§ **Provided material**:
:::

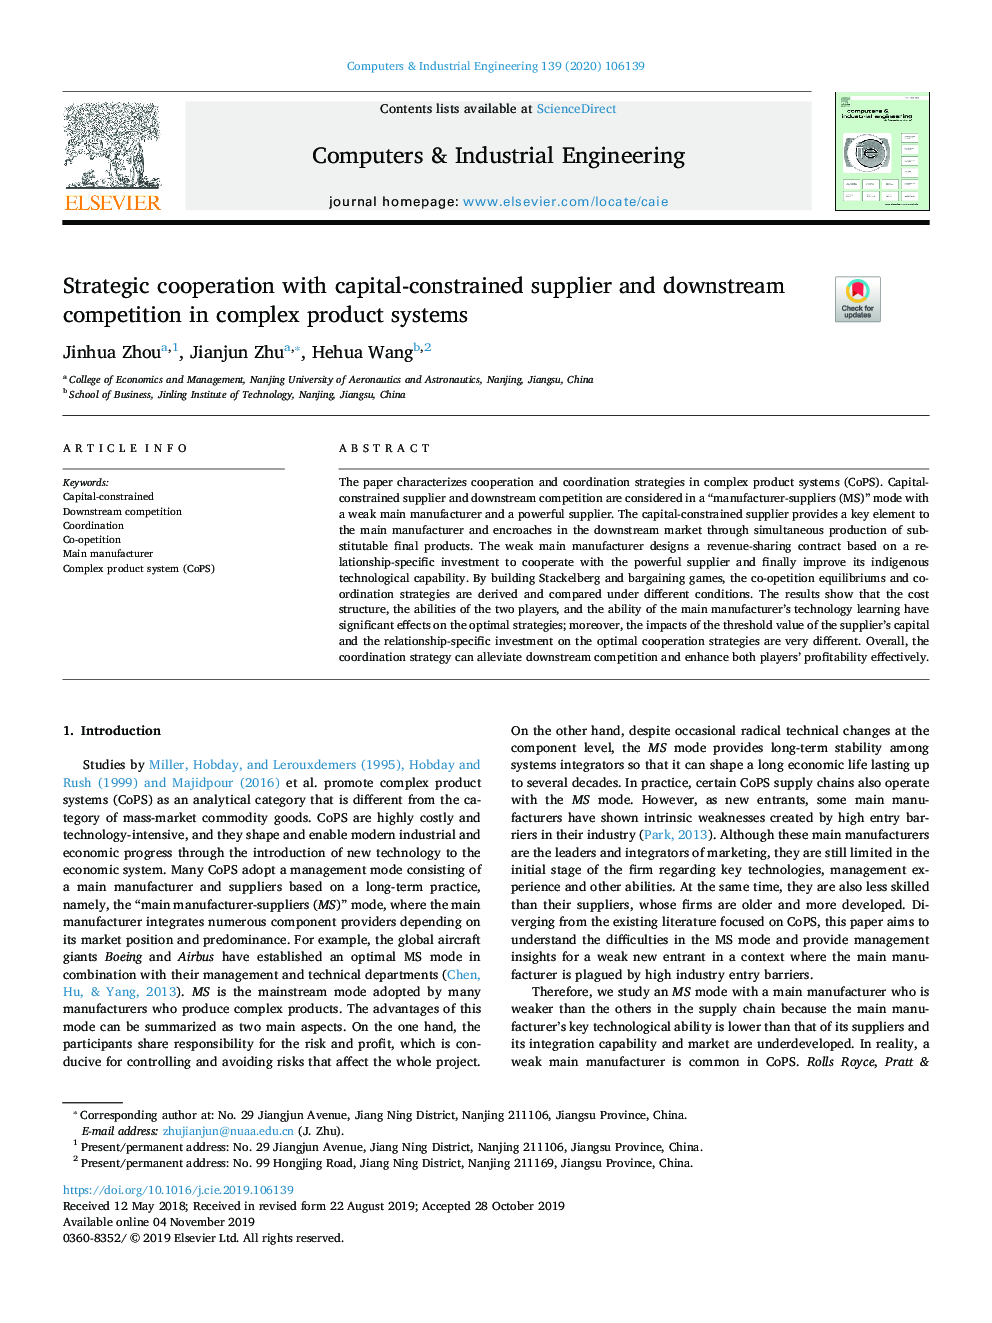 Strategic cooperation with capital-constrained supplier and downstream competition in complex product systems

:::

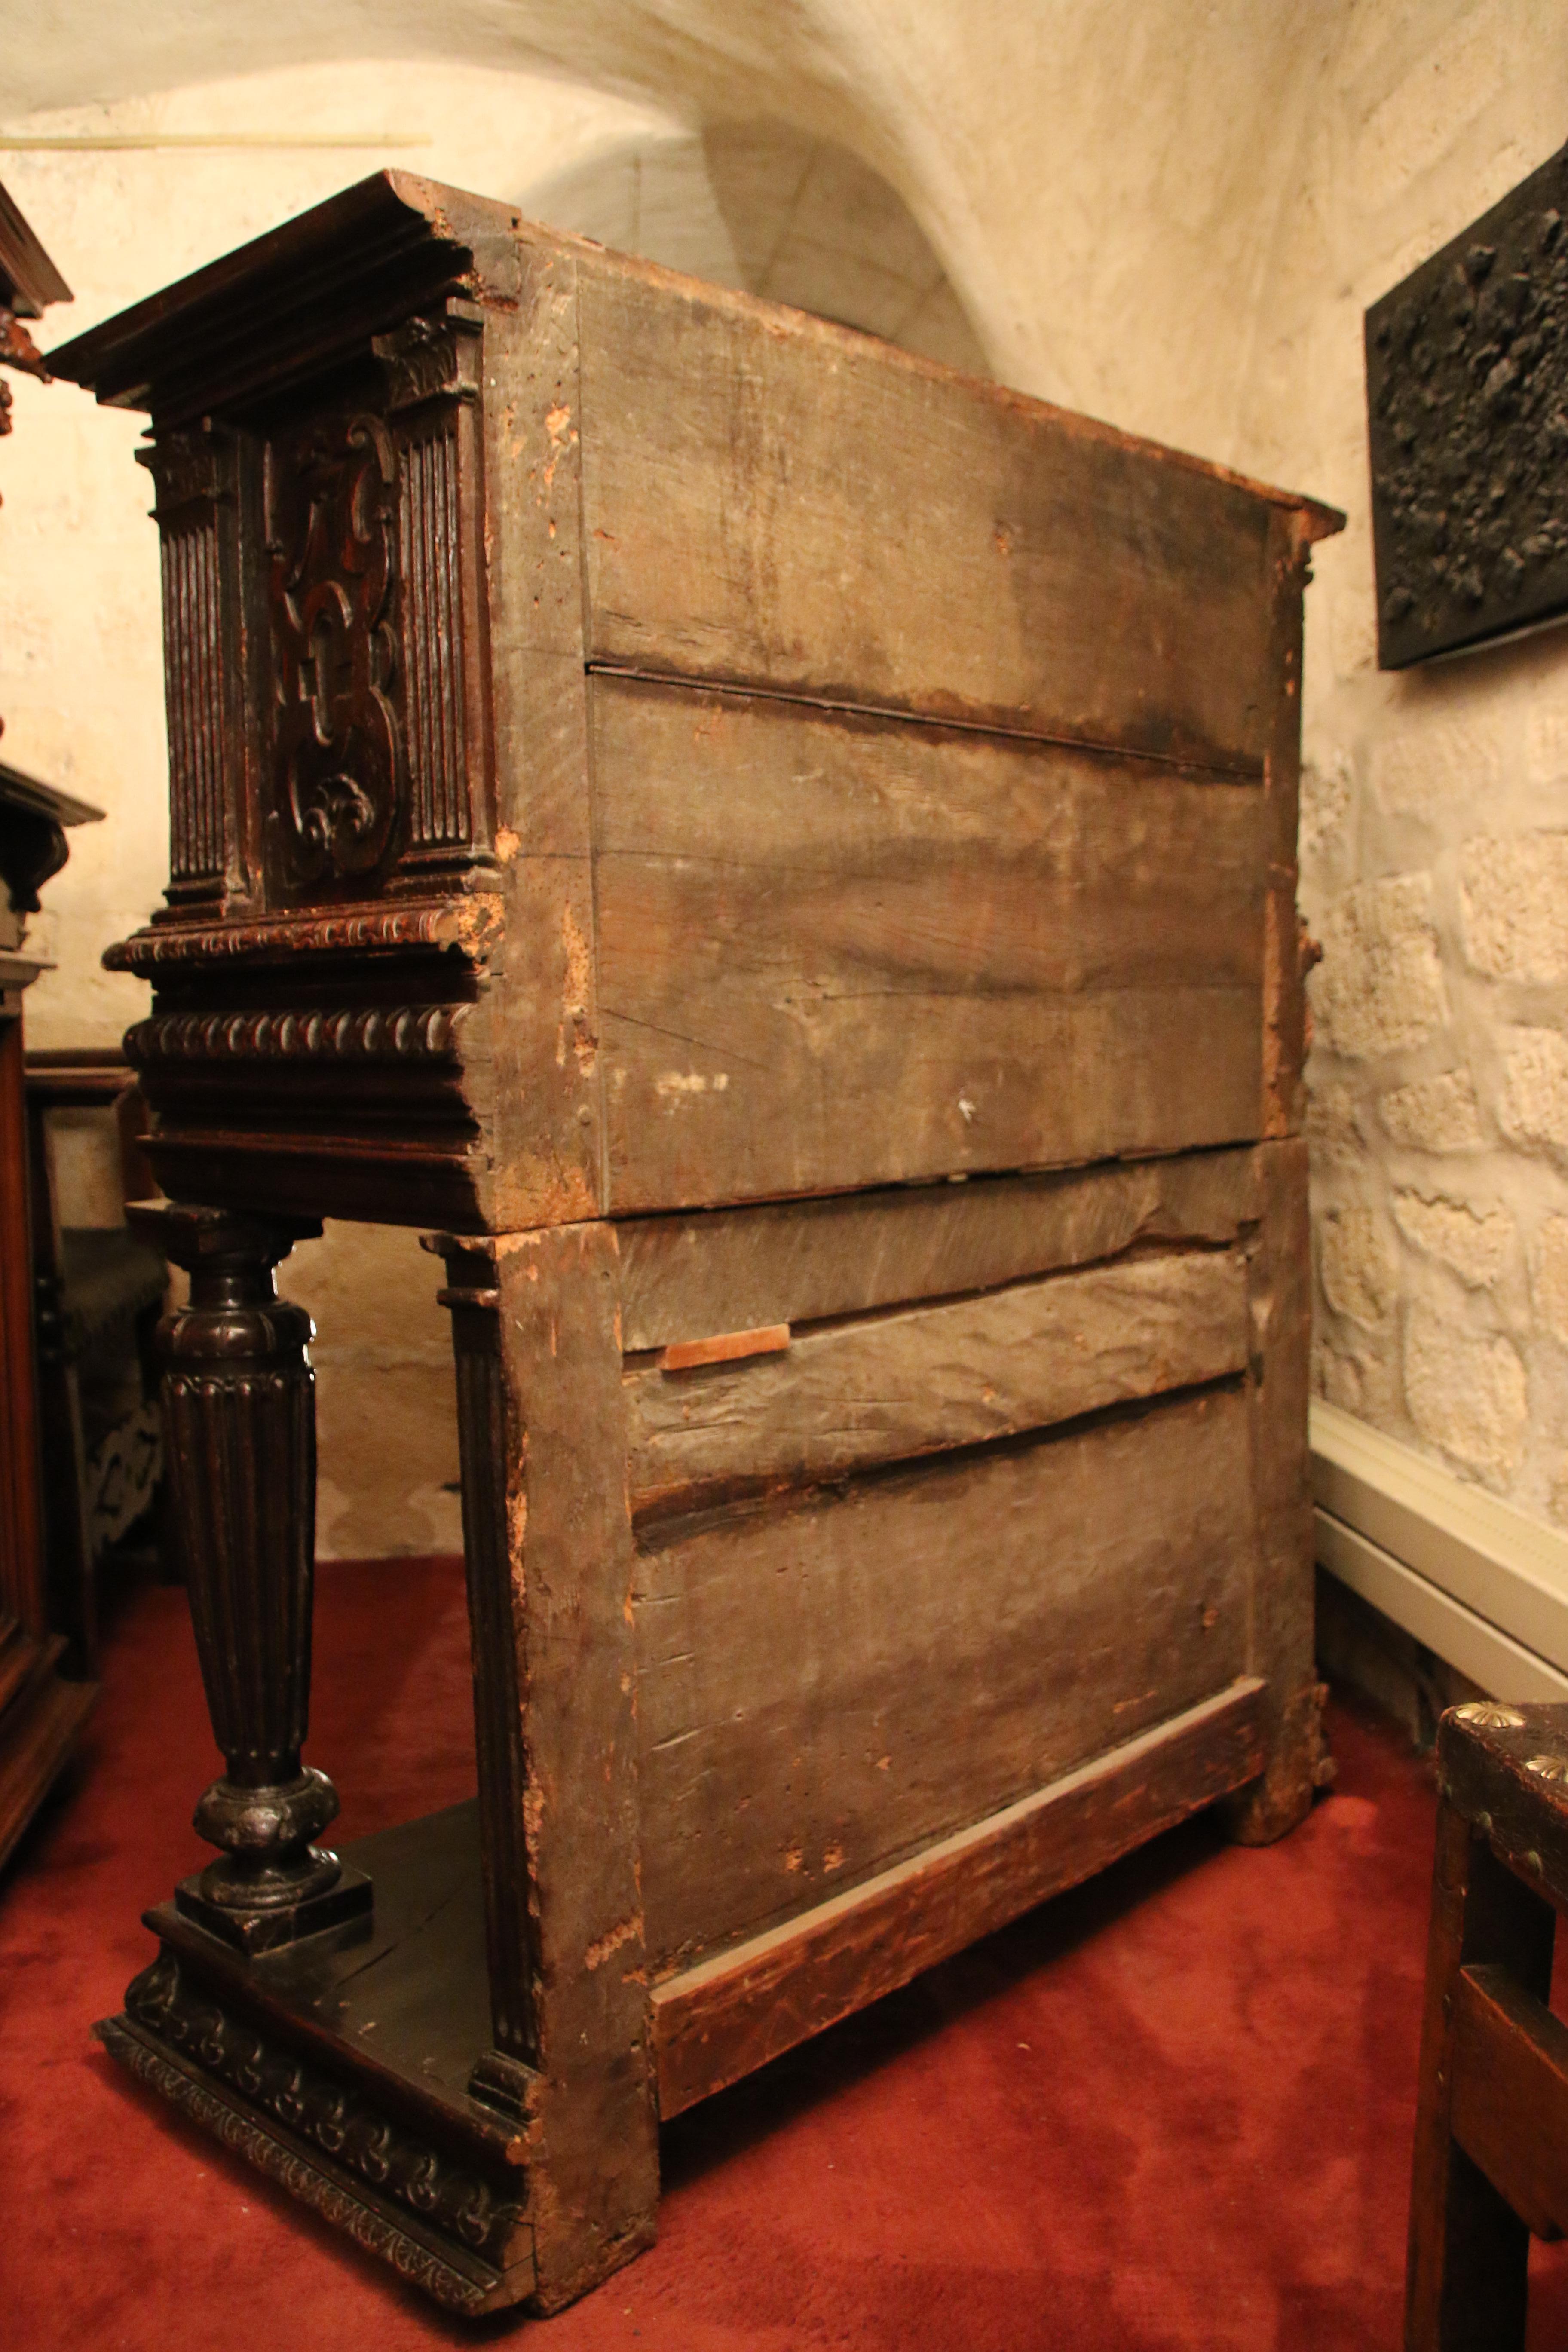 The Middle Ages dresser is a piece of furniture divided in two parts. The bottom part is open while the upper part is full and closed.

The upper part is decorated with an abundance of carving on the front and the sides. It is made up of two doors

:::

§ **Task objective**:
For this exercise, return exactly the lines above from the line with "The Middle Ages" through the line with "The upper part is decorated", both included. Do not copy the pictures.

§ **Exercise result**:
 The Middle Ages dresser is a piece of furniture divided in two parts. The bottom part is open while the upper part is full and closed.

The upper part is decorated with an abundance of carving on the front and the sides. It is made up of two doors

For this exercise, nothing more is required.